*DATA UNDER STUDY*
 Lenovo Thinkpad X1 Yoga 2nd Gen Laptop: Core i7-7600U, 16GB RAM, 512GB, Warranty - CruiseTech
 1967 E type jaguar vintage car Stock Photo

--

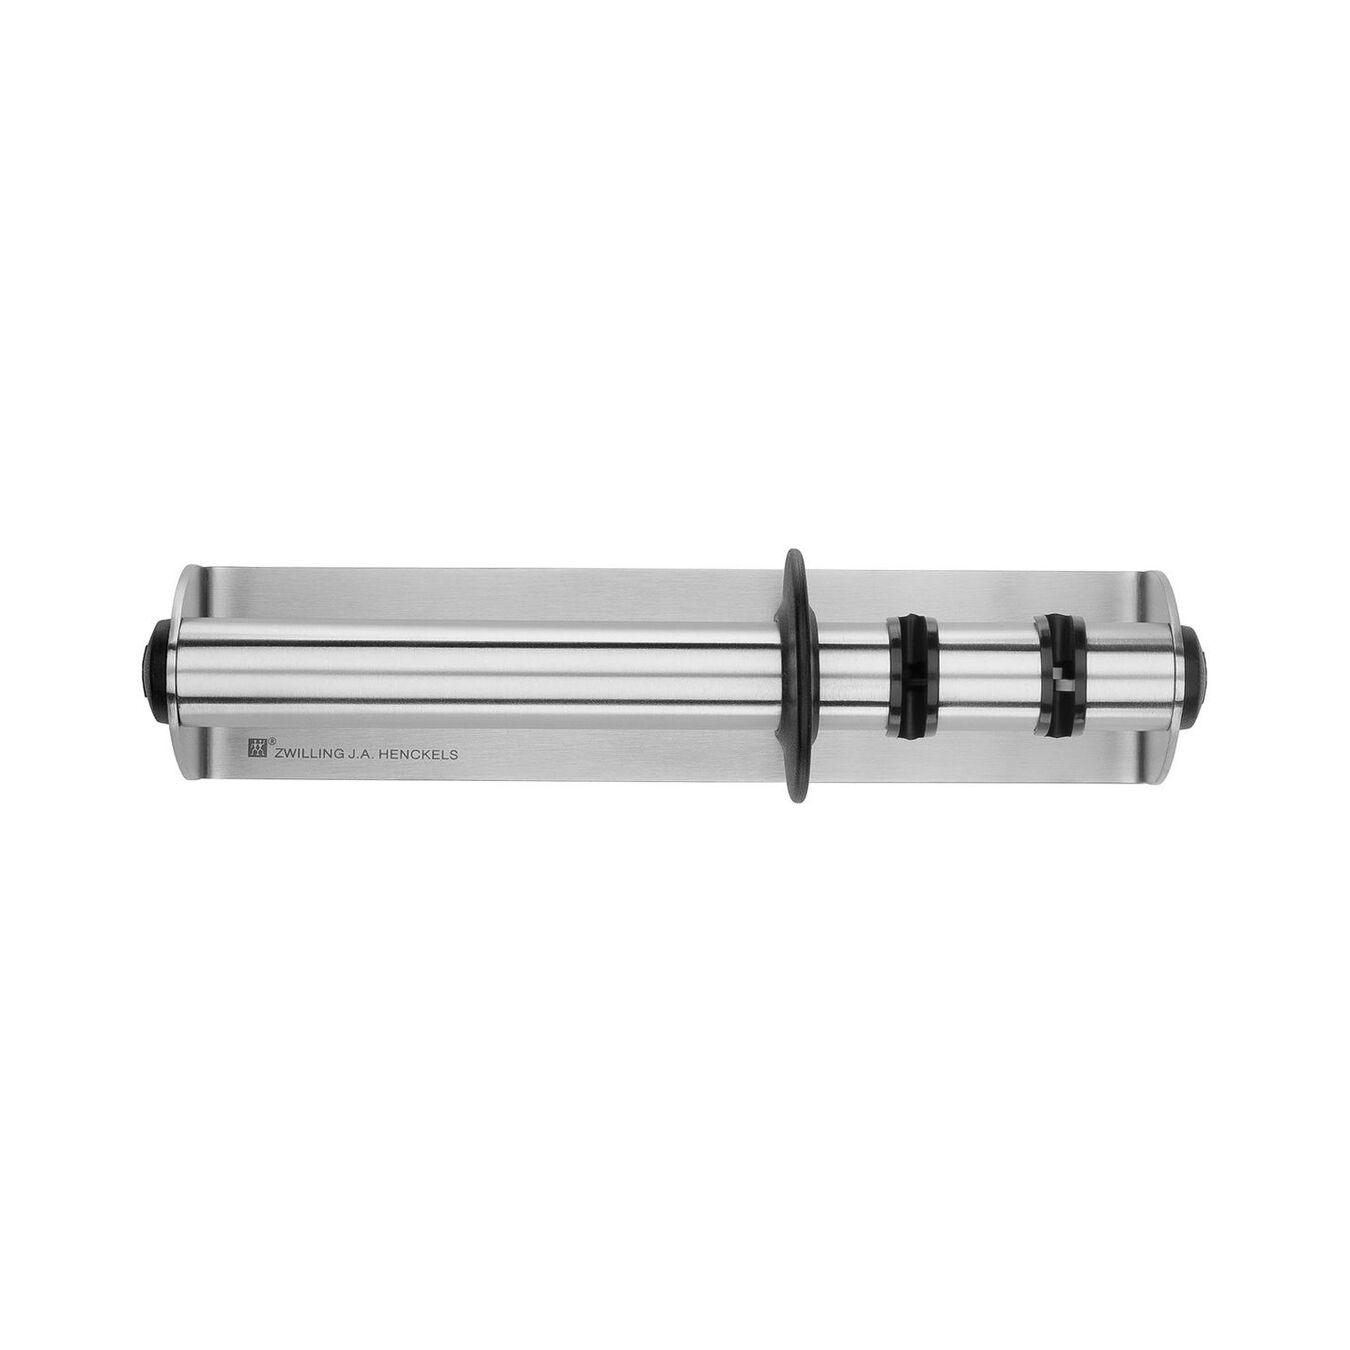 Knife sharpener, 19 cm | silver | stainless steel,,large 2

*DIRECTIONS FOR THIS TASK*
Above are the records; from them, give again exactly the lines from the one containing "Lenovo Thinkpad X1" through the one containing "1967 E type jaguar vintage car Stock Photo", both included.

*RESPONSE FOR THIS EXERCISE*
 Lenovo Thinkpad X1 Yoga 2nd Gen Laptop: Core i7-7600U, 16GB RAM, 512GB, Warranty - CruiseTech
 1967 E type jaguar vintage car Stock Photo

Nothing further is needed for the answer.